On paper, Fifty Shades of Grey should never have been a hit. After her Twilight fan fiction (with vampires replaced by BDSM accessories) was rejected by major publishers, E.L. James was only able to publish it electronically with an obscure Australian outfit. Yet the book’s initial failure on paper was reversed by a spectacular digital success. Salman Rushdie quipped, “I’ve never read anything so badly written that got published. It made Twilight look like War and Peace.” It didn’t matter. As word-of-mouth sales mounted, Random House picked up the print rights, and the rest is history. But the Fifty Shades phenomenon would never have happened without the privacy afforded by e-readers. As James’ agent told the New York Times in 2012, “in the 21st century, women have the ability to read this kind of material without anybody knowing what they’re reading, because they can read them on their iPads and Kindles.”
From this angle, the Fifty Shades story is a victory for reader and intellectual privacy. People should be able to read what they want, free of monitoring, shaming, or embarrassment. This is the case whether they are reading Dickens, Mein Kampf, romance novels, or comic books. E-books make this easier. If you want to buy an embarrassing book, you no longer need to go to the bookstore in another town, pay cash, and face a judgmental human sales clerk. You can go instead to Amazon, use one-click purchasing, and “Start reading Fifty Shades of Grey (Fifty Shades, Book 1) on the free Kindle Reading App or on your Kindle in under a minute.” You can put it on your Kindle (or your iPad or even your phone), and read the book on the bus without anyone else knowing what you are doing.

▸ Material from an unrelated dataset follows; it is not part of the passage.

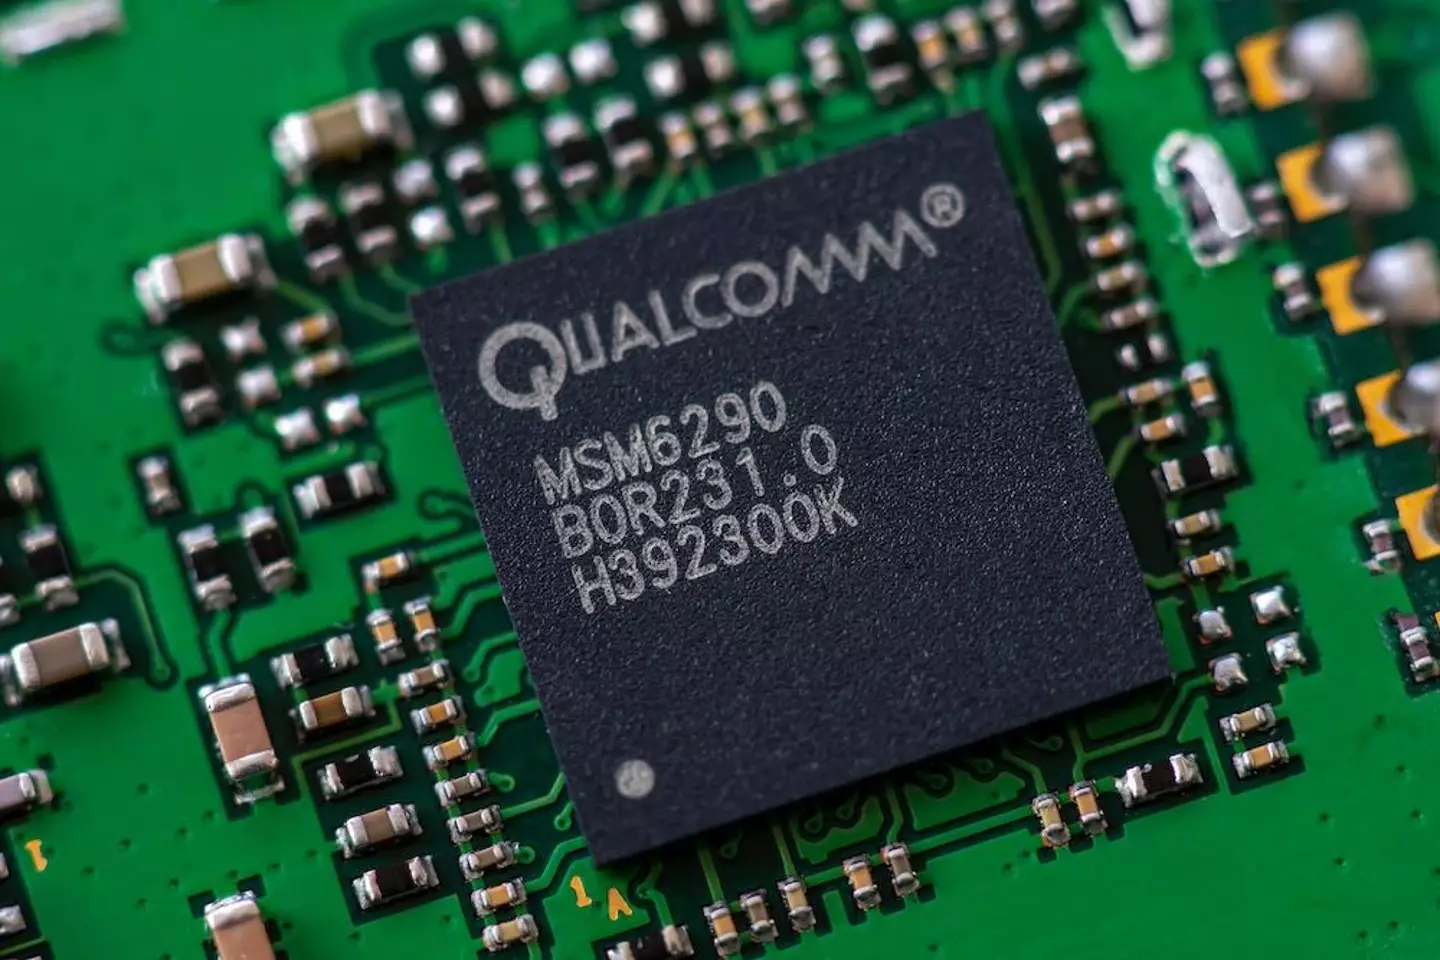 Smartphone chip manufacturer Qualcomm has been accused of inflating its fees.

But the ease of digital delivery masks a paradox of e-reader privacy—they know exactly who you are and what, when, how much, and how often you have read your e-books. Amazon knows more about your Kindle reading than the clerk in that bookstore in the next town, more than your librarian, and in fact more than anyone has ever known about how we read. Consider the publicist’s hypothetical early reader of Fifty Shades of Grey, carrying her Kindle on the London Tube. The other passengers might have had no idea what she was reading, but Amazon did. The way that its Kindle is engineered allows Amazon to know not just what she is reading, but whether she has finished the book, what page she is on, how long she has spent on each page, and which passages she might have highlighted, maybe to return to in a more private setting. Paper books might be hard to obtain, but once in hand, they have privacy built into their little paper pages. Electronic books, by contrast, can read you more deeply than you read them. And the problems of e-readers also apply to any digital technology we use to read or view, whether the surveillance-based advertising of the “free” Web or the new Samsung TVs whose voice recognition interface can capture and upload living-room conversations for cloud analysis.

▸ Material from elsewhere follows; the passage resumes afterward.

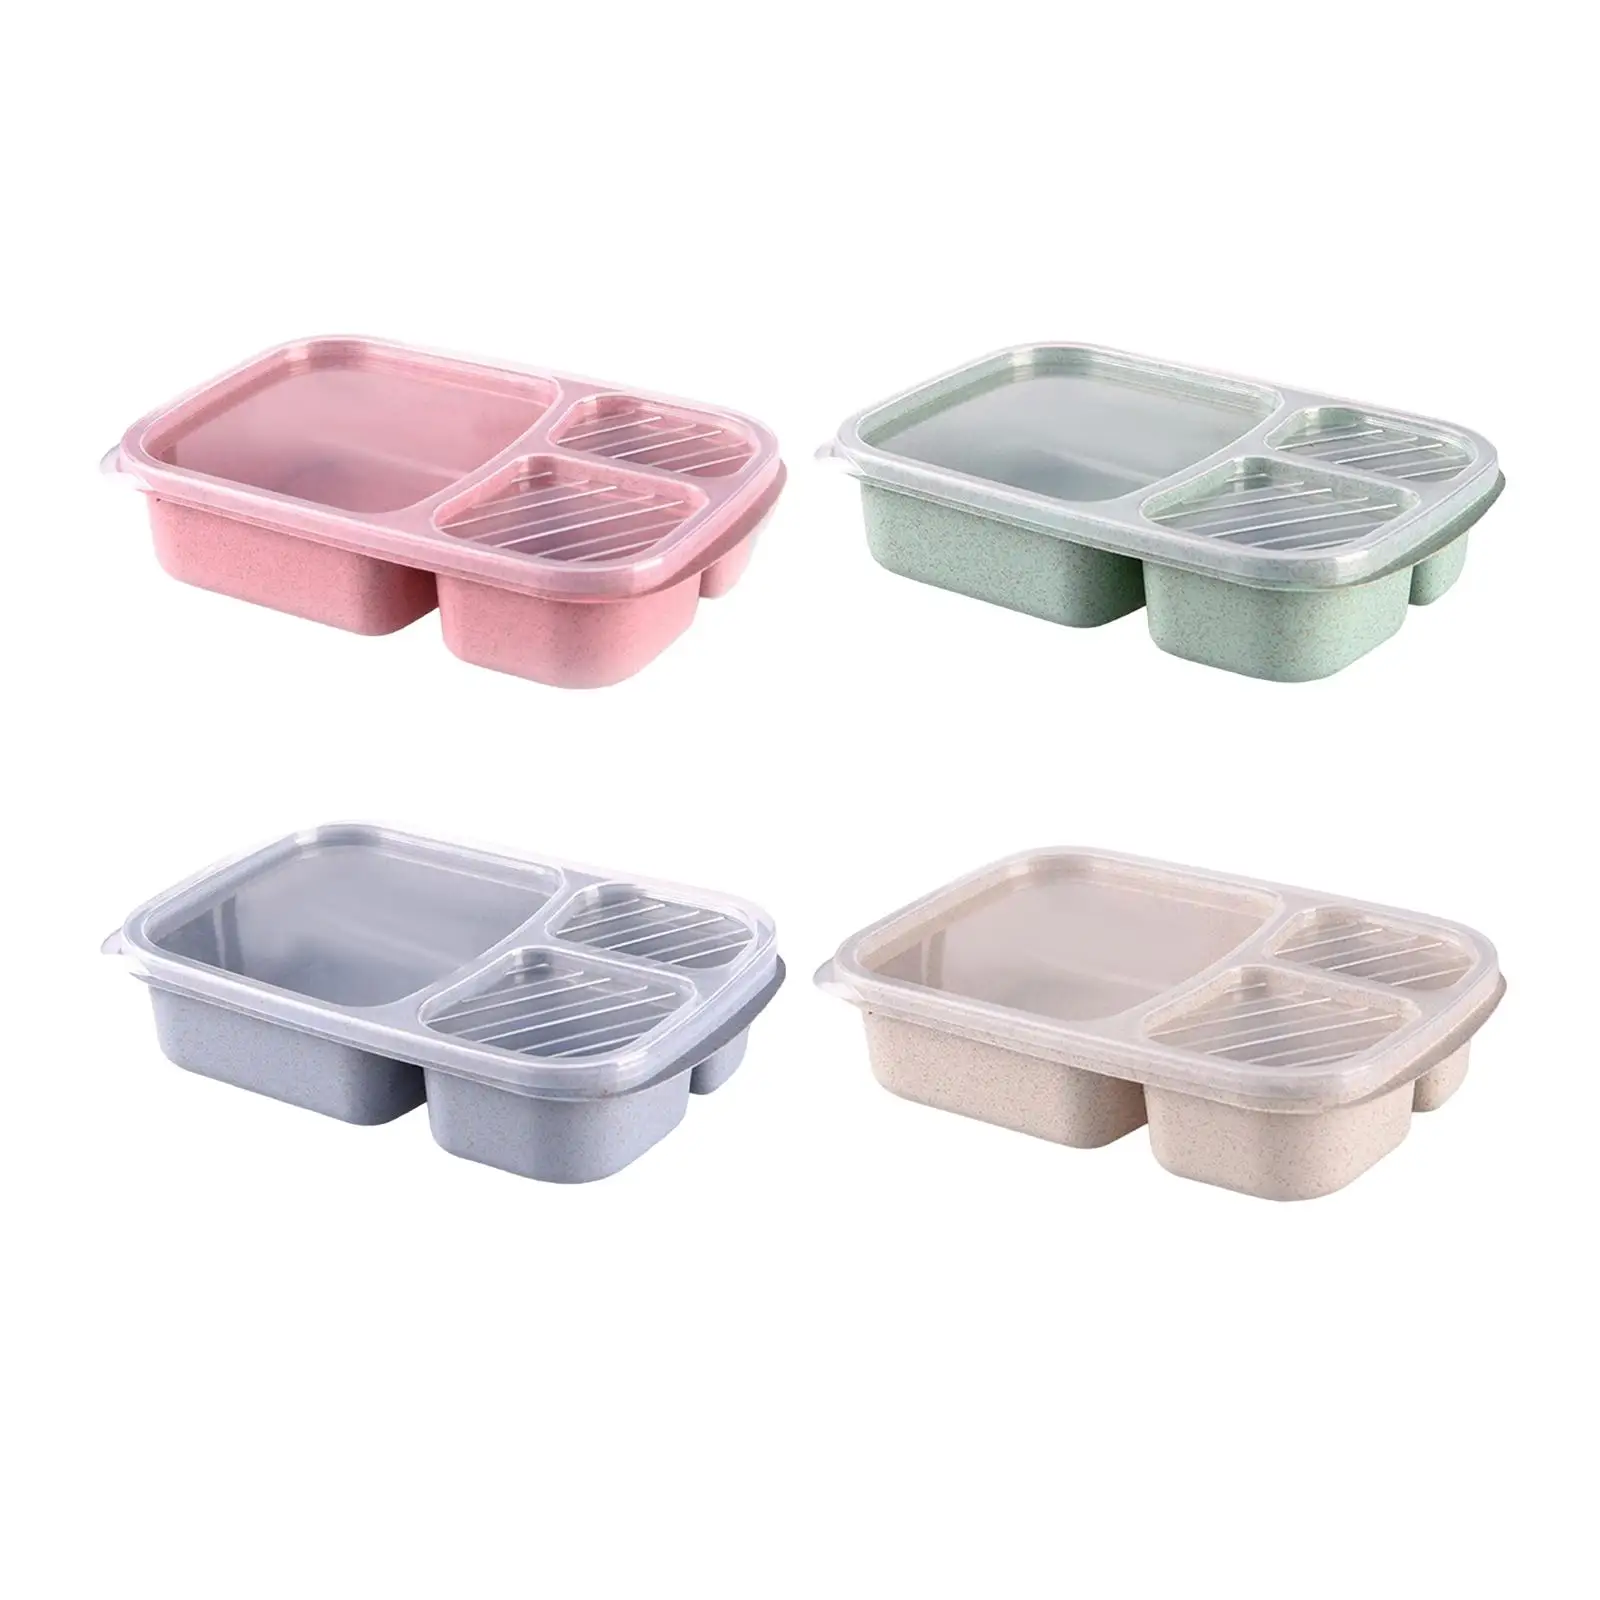 Airtight Microwave Bento Picnic Divided Compartments Leakproof Wheat Fiber PP bento boxes for Children Teen Adults School

There’s no indication that Amazon has done anything particularly unsettling with this data or that individual user information has leaked (yet). But being watched when we’re reading (or watching videos) isn’t merely disconcerting; as I argue in a new book, it strikes at the core of our ability to make up our minds about the world. When our intellectual privacy is breached, our reading and thinking incline to the boring, the bland, and the mainstream. We don’t click that embarrassing link or read that weird book, even though doing so might change the way we think about the world. Lots of cultural intuitions support this idea—George Orwell’s 1984 being just the most famous—but there is a growing body of social science proof supporting it as well. The PEN American Center recently found that National Security Agency surveillance drove writers to censor their creativity. Another study out of the Massachusetts Institute of Technology suggests that awareness of surveillance has affected the way Google users search for embarrassing topics. Perhaps the most surprising and chilling finding of that study is that surveillance deters not only queries related to terrorism, but also queries related to things that are legal but embarrassing, like alcoholism, eating disorders, or sex. Simply put, if we care about a society that has diversity, dissent, eccentricity, or weirdness, we need intellectual privacy.

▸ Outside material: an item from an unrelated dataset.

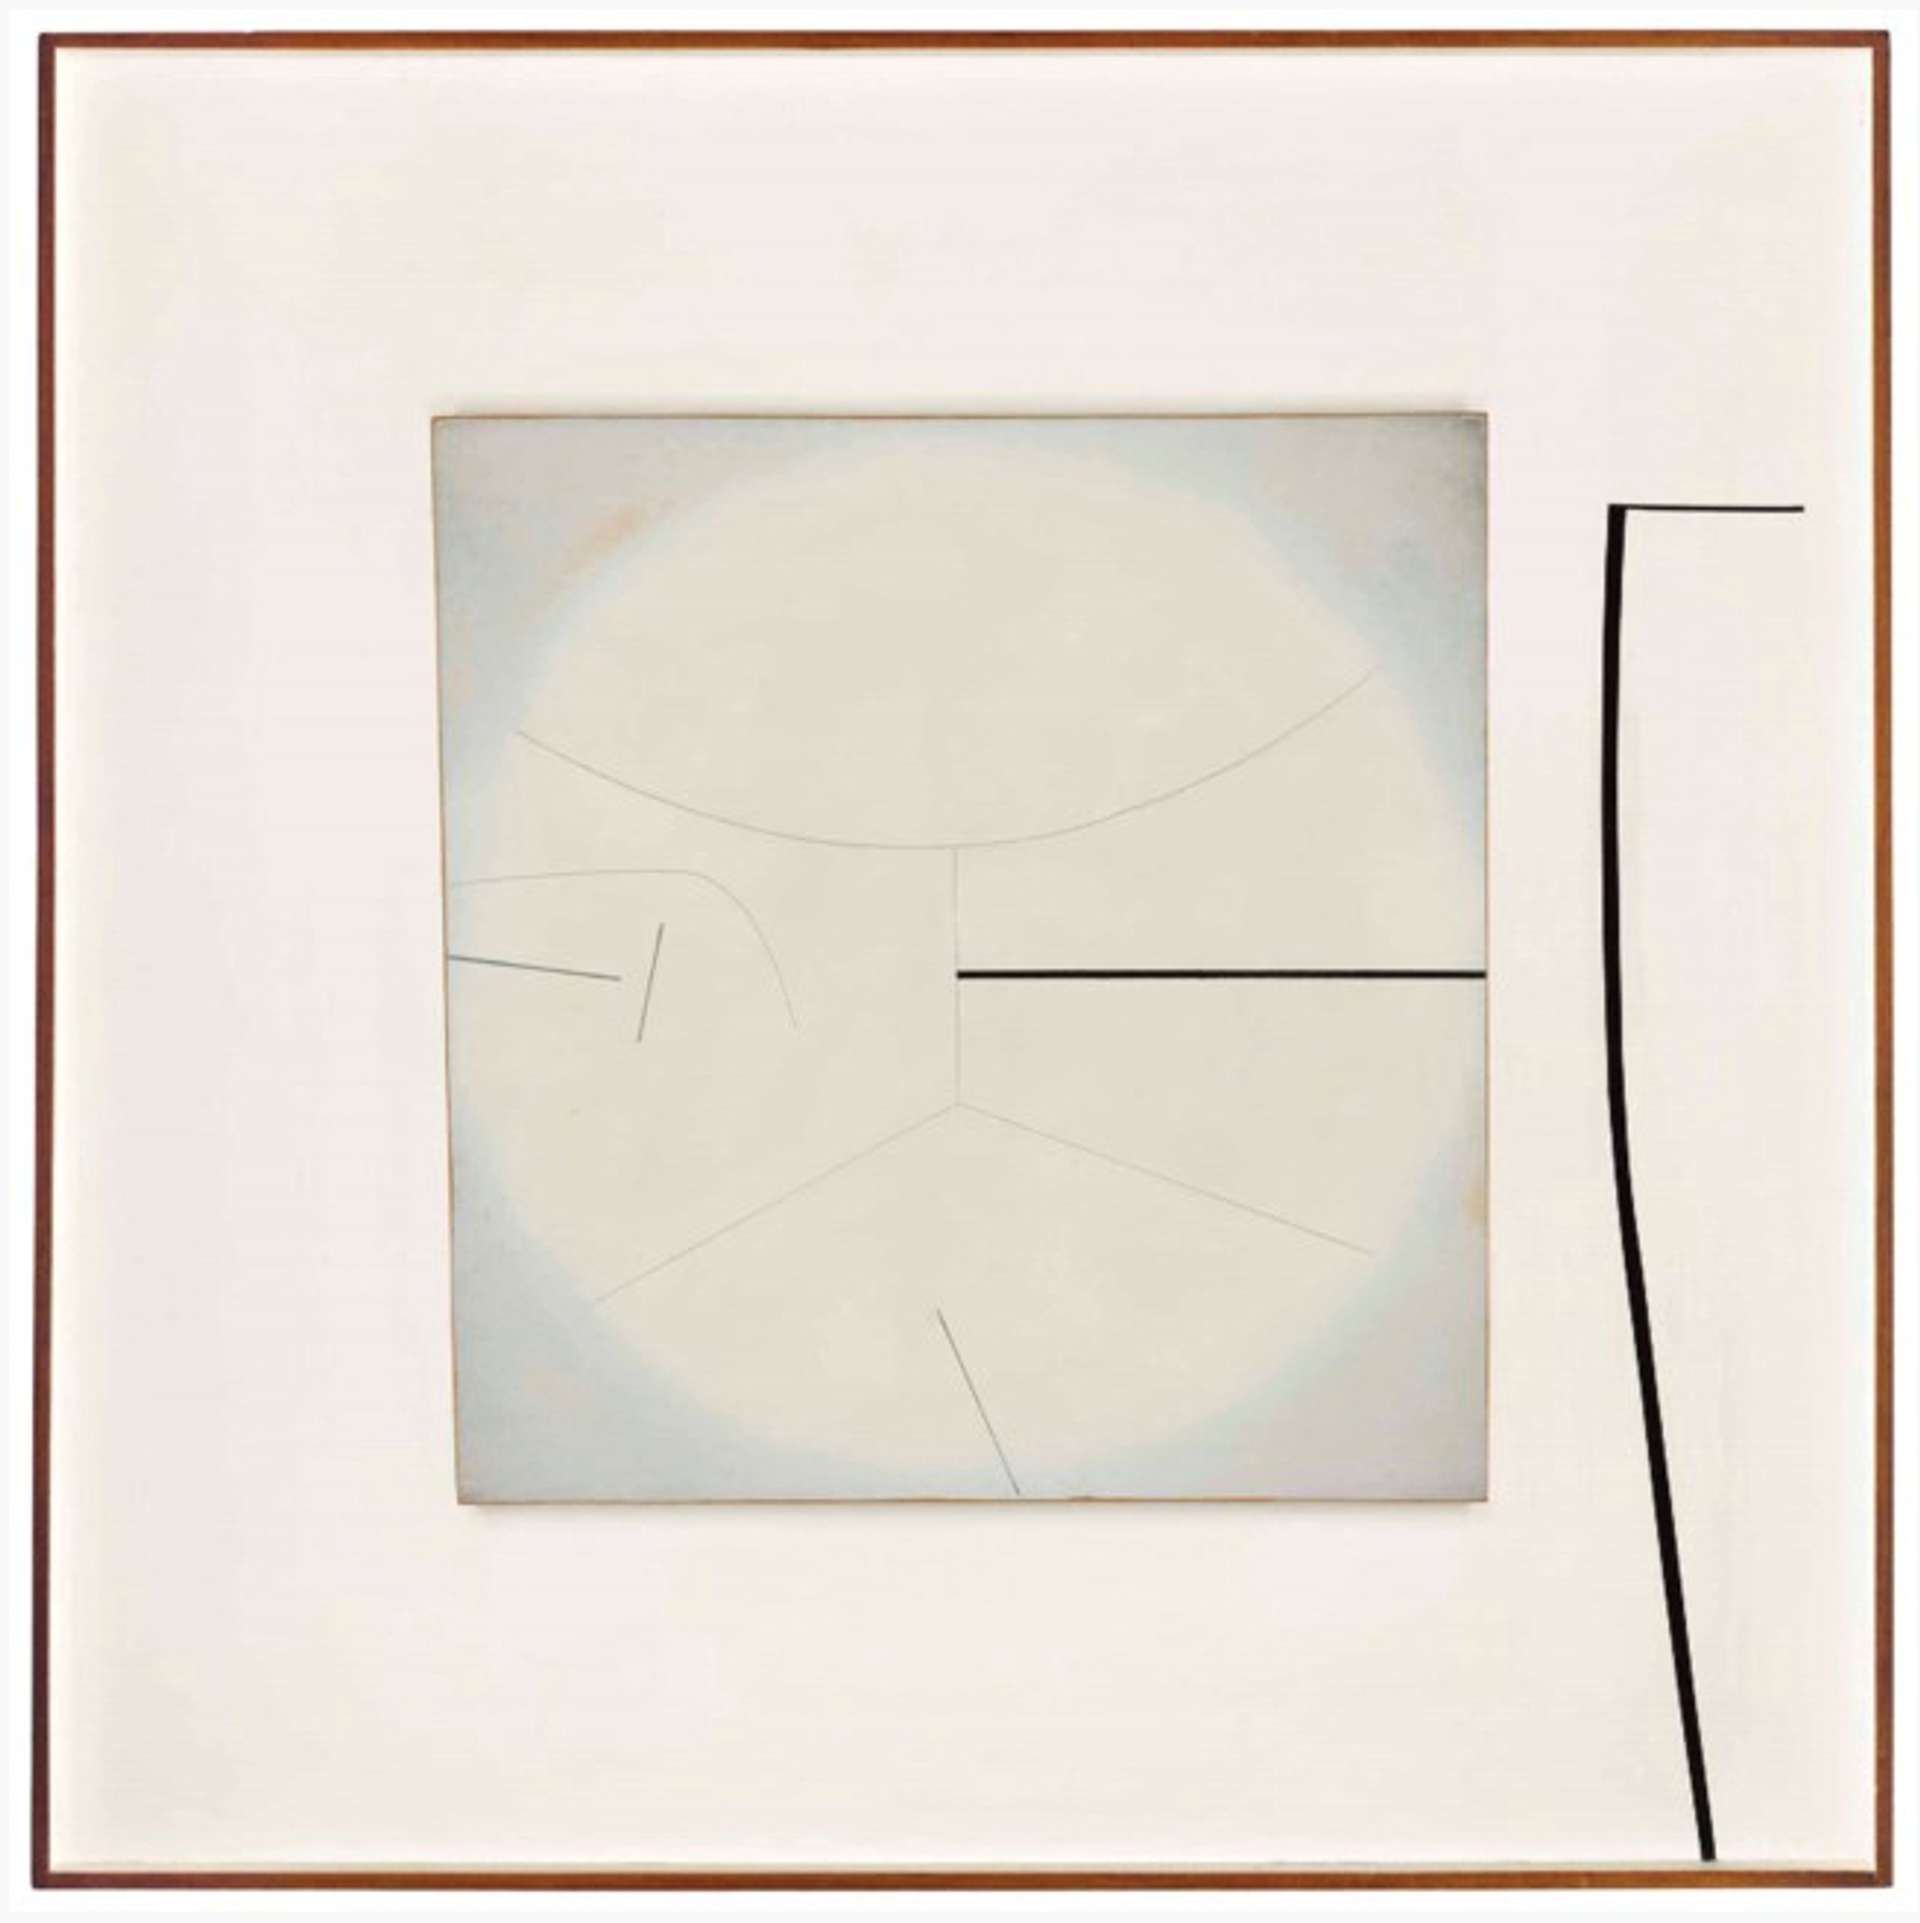  A small square canvas with a barely visible white gradient circle in the middle of the square is placed against a white canvas and framed by a thin brown wooden frame. The centre of the circle is intersected with a thin black horizontal line, and a vertical line protrudes upwards from the left-hand side of the artwork at a right angle.

Usually problems like this are dealt with through law. Librarians long ago realized that they needed to know about their patrons’ reading habits in order to help them. They developed professional ethics of confidentiality and lobbied to turn those ethics into laws that protect our library records in all states. When Robert Bork’s movie rental data was leaked during his Supreme Court confirmation in 1987, Congress quickly responded by passing a law protecting the confidentiality of movie rentals—a law that continues to protect not just VHS cassettes, but DVD sales and even the contents of your Netflix queue. In a curious omission, books and e-books are not protected by any federal privacy law. A few states protect book sales as part of their library confidentiality statutes, Colorado protects bookstore records under its state constitution’s version of the First Amendment, and California’s Reader Privacy Act treats book and e-book records as confidential. But that’s it. Our laws are premised on the basic privacy of paper, not the new surveillance abilities of e-readers and smart TVs.
Let me be clear: Electronic books are wonderful, convenient, cheap, and accessible. It’s almost impossible to lose them, and they can hold your place effortlessly across multiple devices. Data about our reading habits can helpfully be used to recommend other things we might like. When such data is used only to help users (or help them buy things), it is one thing. But current law underprotects our sensitive data, and there are insufficient legal protections against Amazon (for example) giving our reader records to the government, or even blackmailing its critics as Uber is alleged to have considered doing to journalists who had become a nuisance. Confidential reading matters so that people can confront ideas on their own terms, from Fifty Shades of Grey to War and Peace, and for all people, including teenagers confused about sexual orientation, political dissenters, religious minorities, and those seeking pornography. Companies need to build their technologies and draft their policies in ways that make clear that intellectual privacy is nurtured. And as we update our laws to take advantage of the digital revolution’s benefits while minimizing its costs, as we tackle the problems of copyright infringement, revenge porn, and data breaches, we should add intellectual privacy (especially for reading) to our list of things to fix.
The publishing success story of Fifty Shades of Grey was an unexpected one, but regardless of its literary merits, it was a beautiful one for anyone who cares about the right to read. We must make sure other weird and unexpected stories in the future have the intellectual privacy they need to succeed as well. We must protect our reader privacy on pixels as well as on paper.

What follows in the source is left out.